И мгновенно ретировался. Цель его визита так и осталась невыясненной.
Роскошествуем и отдыхаем. Утопаем в плюше и бархате. Всюду зеркала, диваны, мраморные умывальники, белые ясеневые стулья, часы, безделушки, электрические ночники и множество портретов на стенах.
С утра бродим по городу. На улицах грязно. Привлекает внимание курьёзная афиша кинематографа "Гелиос", на которой аршинными русскими буквами напечатана такая программа:
Ижасное преступление, сенсациощая драма с угощиа
в главной роли Шерльока Холмеса
Железная дорога с натура
Пыль страсишь, весёлая комедиа в 3 ак.
Первая забава, очем комичная
Преобладающий элемент среди оставшегося населения - старики и дети. Днём город не кажется таким пустынным: много открытых магазинов, в витринах пёстрый товар, грохочут извозчики. Но с вечера сразу бросается в глаза городское безлюдье. Большинство домов утопает во мраке. Улицы кажутся испуганными и мёртвыми. Лишь кое-где из офицерских квартир струятся полоски света да в мелких лавчонках зажигаются робкие огоньки. Только рестораны, биллиардные и кофейные озарены по-праздничному, и во мраке безлюдных улиц горят их полузавешенные окна. Самое большое оживление на вокзале, где сосредоточены лазареты. Идёт погрузка и перегрузка раненых. В воздухе носится крылатая матерщина санитаров. Щеголевато семенят по перрону сестры. Чинно прогуливаются доктора. Подъезжают и отъезжают штабные автомобили. А ночью почти всегда около половины двенадцатого начинается адская канонада. Неприятельская артиллерия развивает ураганный огонь, зловещие вспышки каждого выстрела мелькают широкими зарницами в небе, обливая трепетным светом далёкую окраину города. Тогда из ворот выбегают испуганные жители, слышится хриплый лай собак, и офицеры начинают тревожно прислушиваться к гулу орудий. Но через полчаса все успокаиваются, и город погружается в мирный сон.
С участием(?).
В завоёванной Галиции. 1915 год
Январь
Сегодня канун Нового года. Временно все три парка собрались в Тарнове.
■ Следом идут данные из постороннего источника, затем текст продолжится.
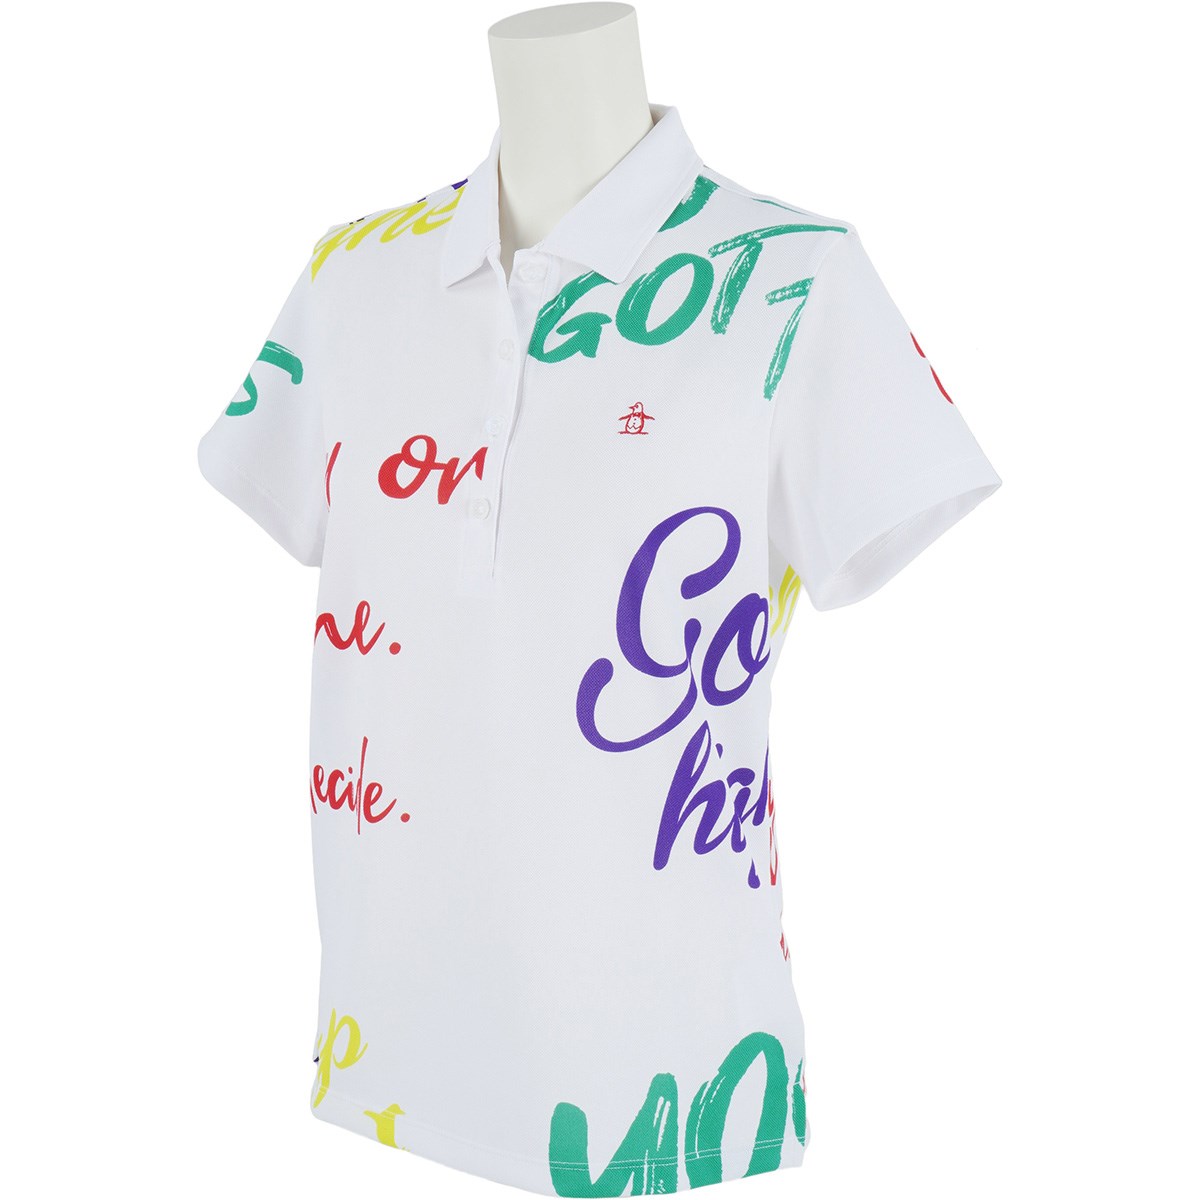 マンシングウェア ゴルフウェア レディース ポロシャツの人気商品

С утра раздаём привезённые подарки. Солдаты очень довольны. Смутил нас только Асеев своей сектантской несговорчивостью. Для него отобрали отличный романовский полушубок, валенки, ватные шаровары, папаху и рукавицы - полное зимнее обмундирование. В подборе вещей участвовала вся бригада. Отбиралось самое лучшее, но Асеев сурово заявил:
- Не возьму. Не надобно мне.
Его уговаривали, упрашивали, но он твёрдо стоял на своём:
- Не для ча. Не надобно мне.
- Ну, Асеев, вы просто обижаете нас, - обратился к нему Василенко. - Мы из Киева подарки везём, а вы отказываетесь.
Асеев подошёл к Василенко, отвесил ему поясной поклон и сказал твёрдо и решительно:
- Нехорошее мы дело делаем: людей убиваем, грабим, малых детей, как кутят, на мороз выбрасуем, а нам за это жертвенные вещи шлют. Разве ж можно?..
Всем стало неловко. Даже Базунов промолчал. Только фельдфебель Гридин не утерпел, чтобы не вставить тоном Иудушки ехидного словечка:
- На что Асееву шуба? Он у нас праведник андельский. Ему и на холоду как в божьем раю.
Адъютант Медлявский, втайне питающий некоторую слабость к толстовству, резко набросился на Гридина:
- Гридин, отчего лошади вспотели?
На что тот ответил со своей обычной вкрадчивостью:
- Это, ваше высокородие, оттого, что лошади два дня на холоде стояли. А теперь из них холод и выходит, в своё состояние они входят.
После раздачи подарков мы с Василенко до вечера бродили по городу и осматривали кафедральный собор. Собор был заперт. Мы обогнули его кругом. Заходящее солнце ярко освещало окна собора, и он горел, как огромный фонарь. Обошли второй раз собор. Вышел пан пробощ - полный, высокий, благообразный ксёндз, похожий на бабу. Обратились к нему - он вежливо отворил двери и согласился быть нашим провожатым. Вначале был любезен, но холоден. Понемногу разговорился и стал рассказывать.
- На постройку собора, - объяснил он нам, - затрачено тыле миллиона крон. Достроен он пять лет назад. Жертвовали е три Польши. В настоящее время на нем ещё сто тысяч долгу.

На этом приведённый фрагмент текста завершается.